1/8/13

La niña buena: capítulo 2

 Capítulo 2 En que Paola deja de comer
Espero que disculpéis a Paola, pues se encuentra ocupada y en esta ocasión yo me encargaré de narraros esta parte. Quizás no sea la única vez que nos encontremos.

Paola era una niña tranquila, inteligente y tenía buen comportamiento, sobre todo en el colegio. Reaccionaba de manera positiva ante la justa disciplina, de modo que los demás pensaban que se mostraba dócil con cualquiera, peor no era así. Es cierto que su timidez no la dejaba sacar ese carácter que sólo conocían en casa; así que se limitaba a callar y a seguir haciendo sus cosas. Como una actitud o persona no le gustase se mantenía en sus trece.
Estaba terminando el primer año de secundaria y ya se respiraba el buen tiempo. No era una chica popular pero tenía dos buenas amigas y se llevaba bien con el resto de sus compañeros. La chica que se sentaba a su lado era realmente simpática y divertida, sin embargo no podían verse fuera del colegio porque vivía en un pueblo. Paola sintió mucha curiosidad cuando Noelia le contó que allá en el pueblo tenía novio y se habían besado. Pasó días preguntándose cómo sería tener novio. Parecía muy interesante. A ella le habían gustado algunos niños de los diferentes colegios en que había estado, pero ellos nunca lo supieron y ni siquiera se le pasaba por la cabeza eso de besar a un chico.
Paola se quedaba en el comedor. Hacía esfuerzos por probar la comida, pues en casa no le daban verduras ni aquello que no le gustase y en el colegio los macarrones llevaban cebolla y salsa de tomate, las lentejas trozos de zanahoria y pimiento, le ponían huevo cocido con una salsa verde de aspecto horrible, lechuga, etc. Aunque no estaba acostumbrada comía al menos la mitad. Ya le pondrían en casa lo que le diera la gana; si su madre la veía poner mala cara ante un plato le cocinaba otra cosa. Luego se quejaba de que fuera tan especialita, pero prefería aguantar sus gritos a comer lo que no le gustaba.
Las chicas mayores se sentaban en las mesas de atrás. Aunque sólo se llevaban un año su actitud era muy diferente. Se pintaban las uñas, se preocupaban por la ropa y se reían todo el tiempo. Un día la cuidadora del comedor las regañó porque dejaban todo en el plato, y otras veces metían trozos de comida en servilletas o la tiraban donde podían para fingir que al menos la habían probado.

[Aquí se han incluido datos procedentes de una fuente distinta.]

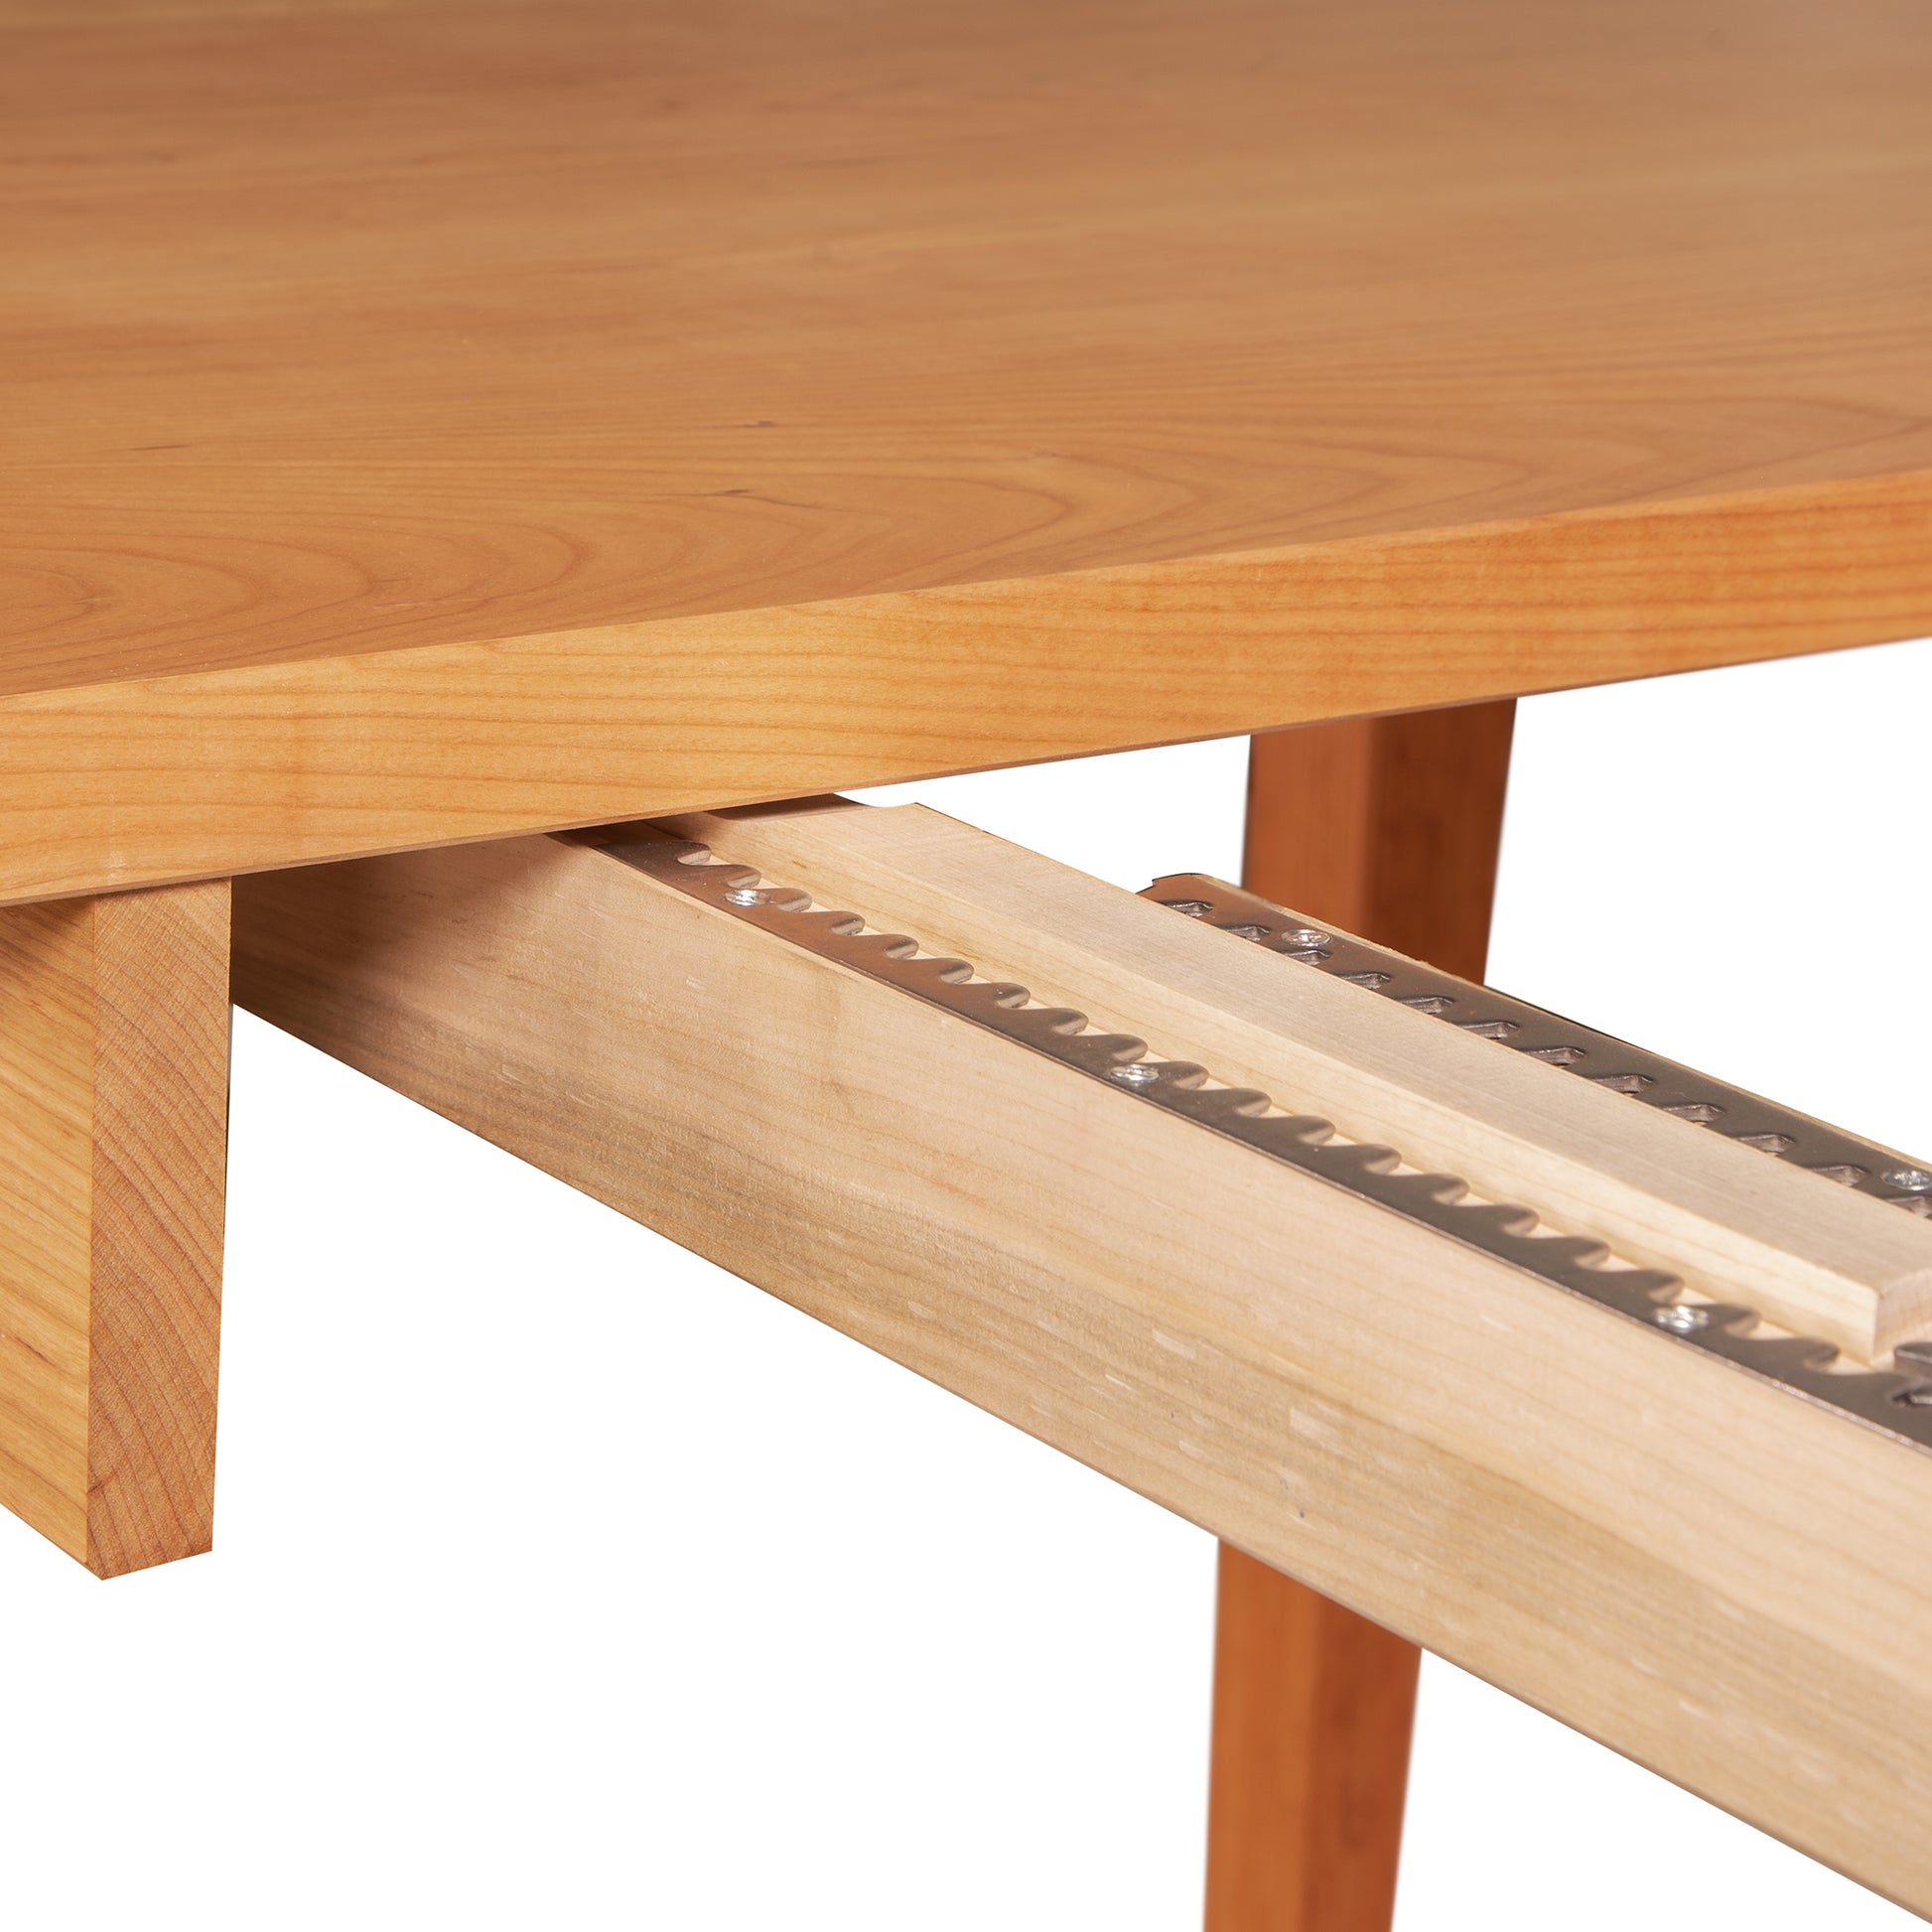 A handcrafted solid wood Vermont Shaker Rectangular Extension Dining Table, inspired by Maple Corner Woodworks.

El verano se presentaba interesante. El último día de clase fueron a la piscina todos los compañeros y Paola disfrutó mucho. Le gustaba hacer largos y también jugar con sus amigas, aunque le daba miedo tirarse. Iba caminando por el borde cuando de repente Óscar la empujó. Descubrió entonces que tirarse al agua no sólo no daba miedo, sino que además era divertido.
Ese día, sin saber por qué, se fijó en Joel. Le caía muy bien. No era el típico guaperas; a ella no le gustaban los guaperas, le parecían demasiado engreídos, pero desde luego que veía a Joel guapo además de amable, respetuoso, buen estudiante y leal con sus amigos.
El día terminó, dando paso a unas agradables vacaciones con mucha música, libros y un bebé al que a veces cuidaba, su hermano, que había nacido tres meses antes. Pero como dicen lo bueno, si breve, dos veces bueno. Septiembre regresó cargado de responsabilidades.

Paola vivía en casa de su abuela, en un barrio construido hacía doce años, a media hora en autobús de su colegio. No penséis que todas las zonas periféricas son lujosas. Todas las casas allí, incluida la de su abuela, eran viviendas de protección oficial. Los edificios eran relativamente nuevos pero sencillos, de tres pisos sin ascensor. Había muchos gitanos, pero a Paola no le daban miedo como le pasa a la mayoría de la gente. Ella era una niña tranquila que no se metía con nadie, e incluso era amiga de algunas niñas muy vivarachas con las que iba a las actividades organizadas por la asociación de vecinos. El verano anterior, cuando le faltaba poco para cumplir los doce, un chaval de su edad le pidió salir. Era muy guapo, con su piel morena, su melena ondulada y su mirada atrevida; más que gitano parecía un indio. Tenía un precioso perro blanco, un Alaska Malamute. No puedo negaros que era un niño revoltoso, pero sólo hacía falta un gesto de su abuelo, que era el patriarca, para que se comportara como todo un caballero. Allí la mayoría de los críos tenían mucho respeto a la gente mayor, fueran payos o gitanos. No podemos decir lo mismo de los niños payos, bastante déspotas y maleducados. El caso es que Paola le contestó que era demasiado pequeña como para salir con un niño. En el fondo se sentía por una parte alegre y por otra extrañada, pues sabía que no era la clase de chica que impresiona a los niños. Nunca fue una niña bonita de las que llevan vestidos y el pelo largo y les gusta el color rosa. Su abuela sus tíos no le decían, como a algunas de sus primas que qué guapa era. Ella era la lista, la que sacaba las mejores notas, pero no era la guapa.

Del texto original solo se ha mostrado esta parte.